In his starkest warning yet to Americans in Ukraine to get out now, President Joe Biden said he would not send troops to rescue US citizens in the event of a Russian assault.

“Things could go crazy quickly,” Biden told NBC News.

Blinken, visiting Australia, told a news conference: “We’re in a window when an invasion could begin at any time, and to be clear, that includes during the Olympics.”

The Beijing games end on February 20.

“Simply put, we continue to see very troubling signs of Russian escalation, including new forces arriving at the Ukrainian border,” Blinken said.

Russia has already massed more than 100,000 troops near Ukraine, and this week it launched joint military exercises in neighbouring Belarus and naval drills in the Black Sea.

Moscow denies plans to invade Ukraine, but says it could take unspecified “military-technical” action unless a series of demands are met, including promises from Nato never to admit Ukraine and to withdraw forces from eastern Europe.

The West has said those main demands are non-starters. The EU and Nato alliance delivered joint responses this week, saying their member states had agreed to speak as one. Russia's Foreign Ministry said on Friday it had demanded an individual answer from each country, and called the collective response insulting.

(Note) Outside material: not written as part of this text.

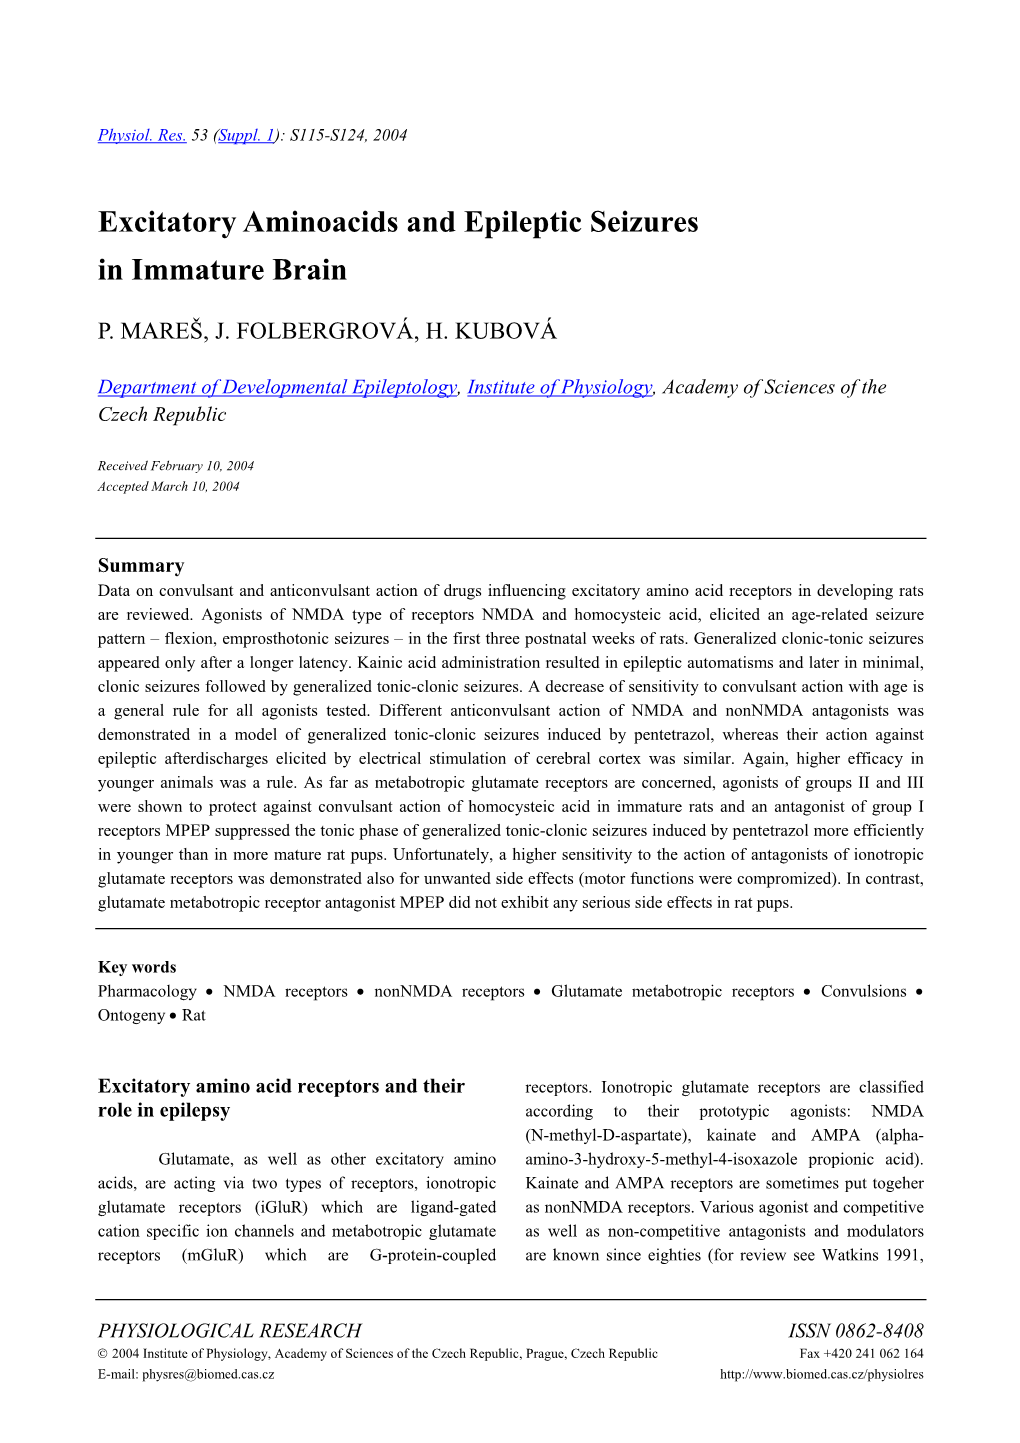 Excitatory Aminoacids and Epileptic Seizures in Immature Brain

“Such a step cannot be seen as anything other than a sign of diplomatic impoliteness and disrespect for our request,” the ministry said.

Several western countries launched diplomatic pushes this week to persuade Russia to back down, but Moscow brushed them off, yielding no concessions to French President Emmanuel Macron who visited on Monday and openly mocking British foreign secretary Liz Truss who came on Thursday.

Four-way talks in Berlin between Russia, Ukraine, Germany and France, part of a longstanding peace process in a conflict between Ukraine and Russian-backed separatists, also yielded no progress.